Metadata-Version: 2.1
Name: csr-utils
Version: 0.1.2
Summary: Utility functions for scalable handling of CSR matrices
Home-page: https://github.com/narges-rzv/csr_utils
Author: Narges Razavian
Author-email: nsr3@nyu.edu
License: UNKNOWN
Platform: UNKNOWN
Classifier: Programming Language :: Python :: 3
Classifier: License :: OSI Approved :: MIT License
Classifier: Operating System :: OS Independent
Description-Content-Type: text/markdown
Requires-Dist: scipy
Requires-Dist: numpy

# csr_utils

Scalable Operations for CSR matrices.

[![Build Status](https://travis-ci.org/narges-rzv/csr_utils.svg?branch=master)](https://travis-ci.org/narges-rzv/csr_utils)

Installation 
------------
For general users and if using conda etc.:

`pip install csr_utils` 


Without root access:

`pip install --user csr_utils`

Usage
-----

```
>>> import numpy as np
>>> from scipy.sparse import csr_matrix
>>> xcsr = csr_matrix(np.array([[1, 0], [3, 4], [2, 2]], dtype=float))

>>> import csr_utils
>>> xnorm, xmean, xstd, xixnormed = normalize_csr_matrix(xcsr)

```


Overview
--------
This package currently only has a fast and memory efficient implementation for normalizing nonzero values of a CSR array without un-sparsifying the function. This is useful step for machine learning on large matrices. Most algorithms work better with normalized input, in particular the commonly used [linear classification models in sklearn](http://scikit-learn.org/stable/modules/generated/sklearn.linear_model.LogisticRegression.html). 

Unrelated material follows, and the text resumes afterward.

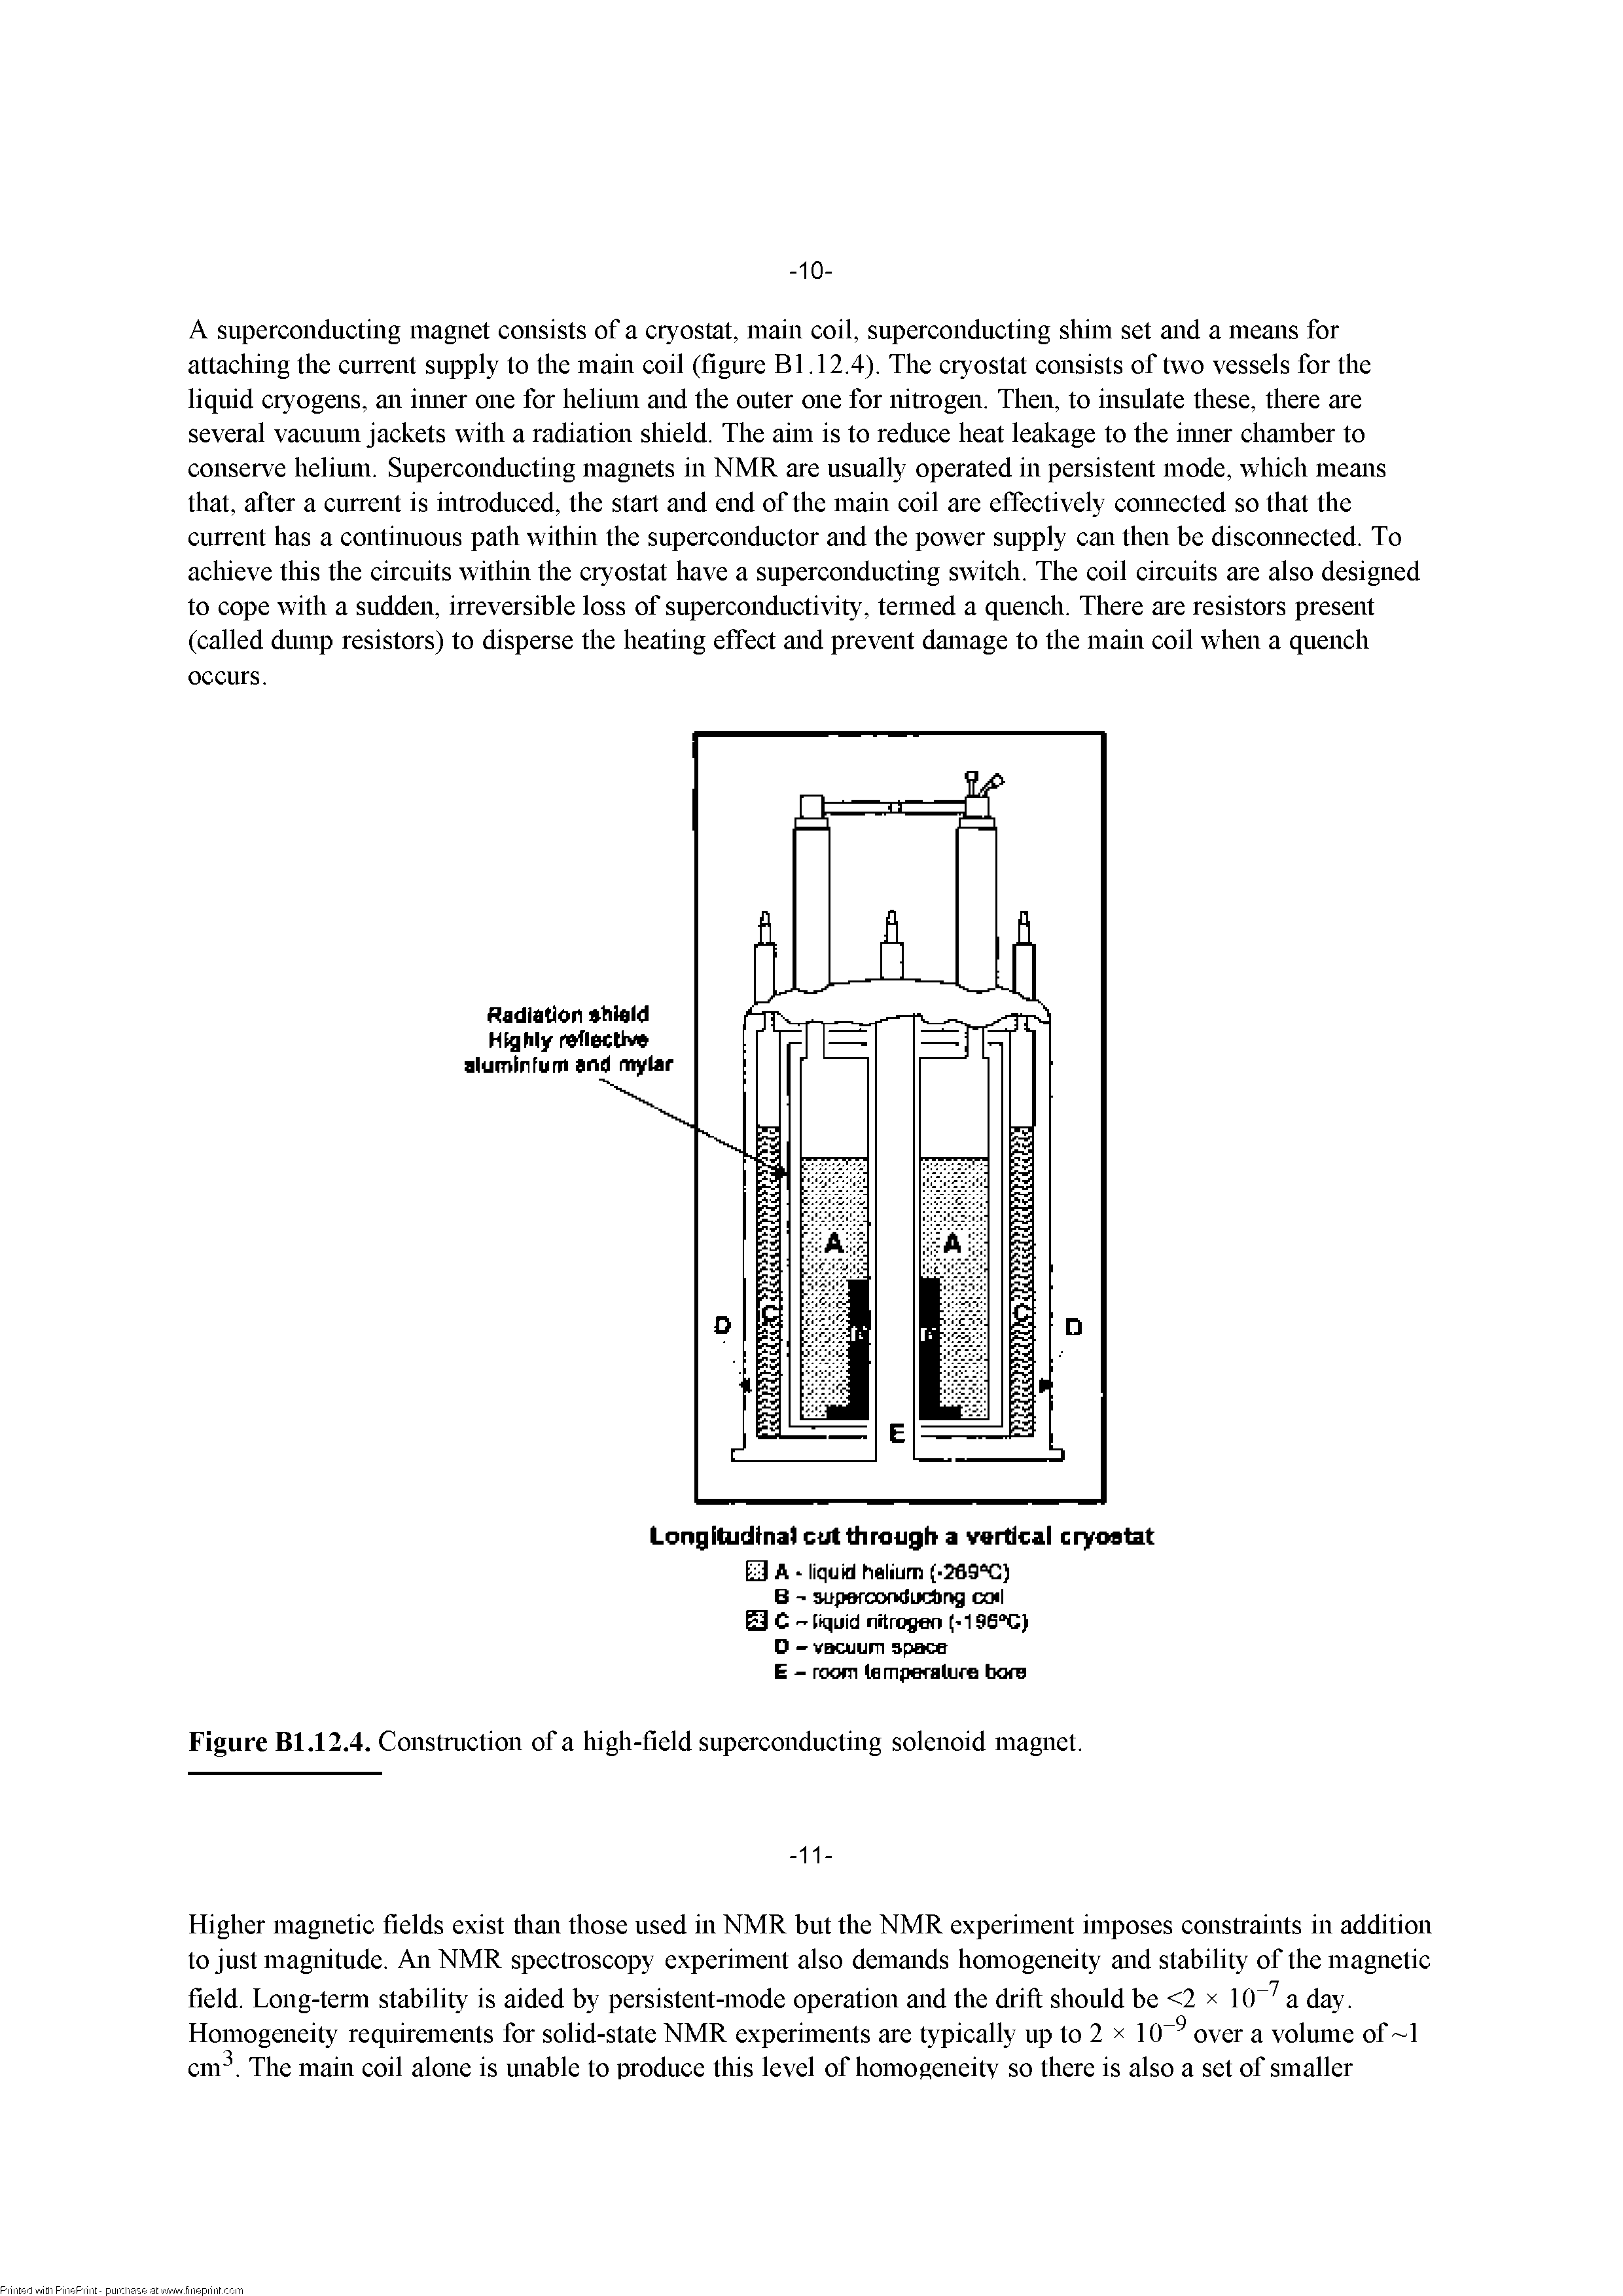 Figure Bl.12.4. Construction of a high-field superconducting solenoid magnet.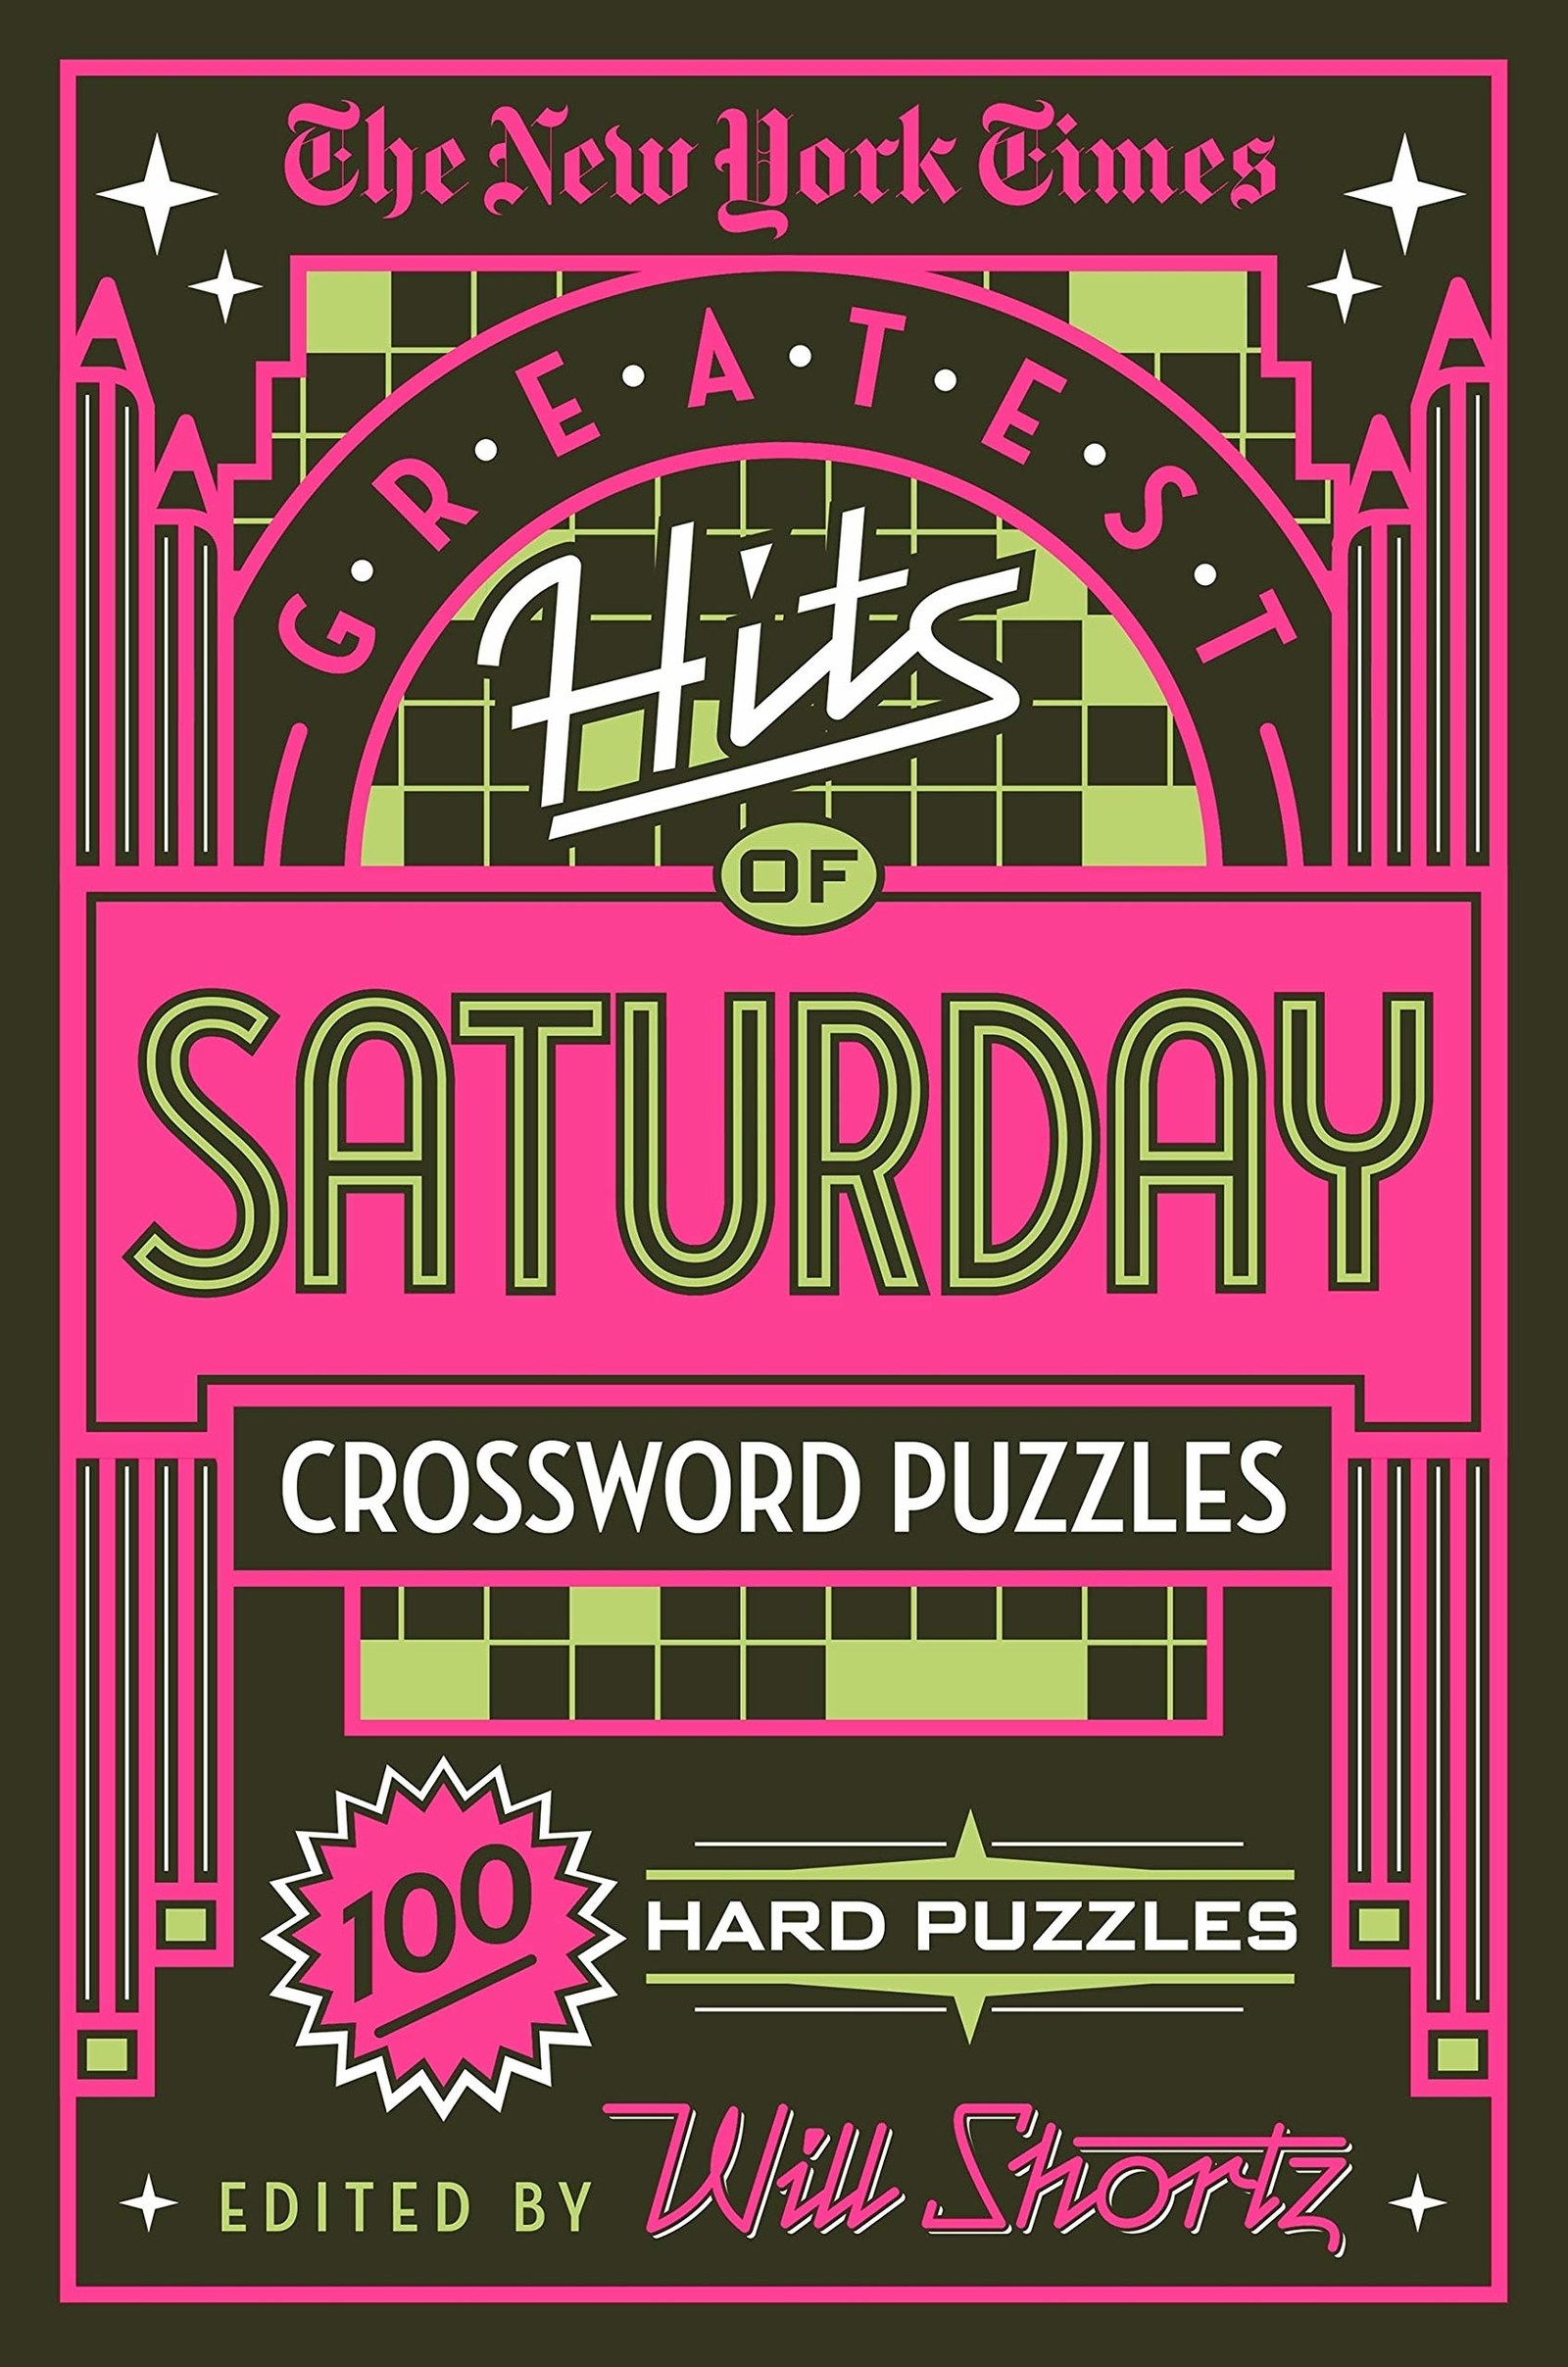 cover of The New York Times crosswords puzzle book

There will be more functions added as the need arises, including turning a csr array into cuda sparse array directly. Stay tuned. 

normalize_csr_matrix:
---------------------
- Normalizes a CSR matrix only based on non-zero values, without turning it into dense array. 
   - In the CSR matrix, rows correspond to samples, and columns correspond to features.
   - Normalization will be such that each column (feature)'s non-zero values will have mean of 0.0 and standard deviation of 1.0.
- Will return the scalable equivalent of x = x.toarray(); x[(x==0)] = np.nan; (x - np.nanmean(x, axis=0)) / np.nanstd(x, axis=0)
- We compute a faster and equivalent definition of standard deviation:
   - ```sigma = SquareRoot(ExpectedValue(|X - mean|^2)) # slow```
   - ```sigma = SquareRoot(ExpectedValue(X^2) - ExpectedValue(X)^2) # fast```
   - [For more info see the math](https://en.wikipedia.org/wiki/Standard_deviation#Definition_of_population_values)
- This function makes the following assumptions:
   - If we don't have any observations in a column i, mean_array[i] be set to 0.0, and std_array[i] will be set to 1.0.
   - If we have a single observation, or if standard deviation is 0.0 for a column, we only subtract the mean for that column.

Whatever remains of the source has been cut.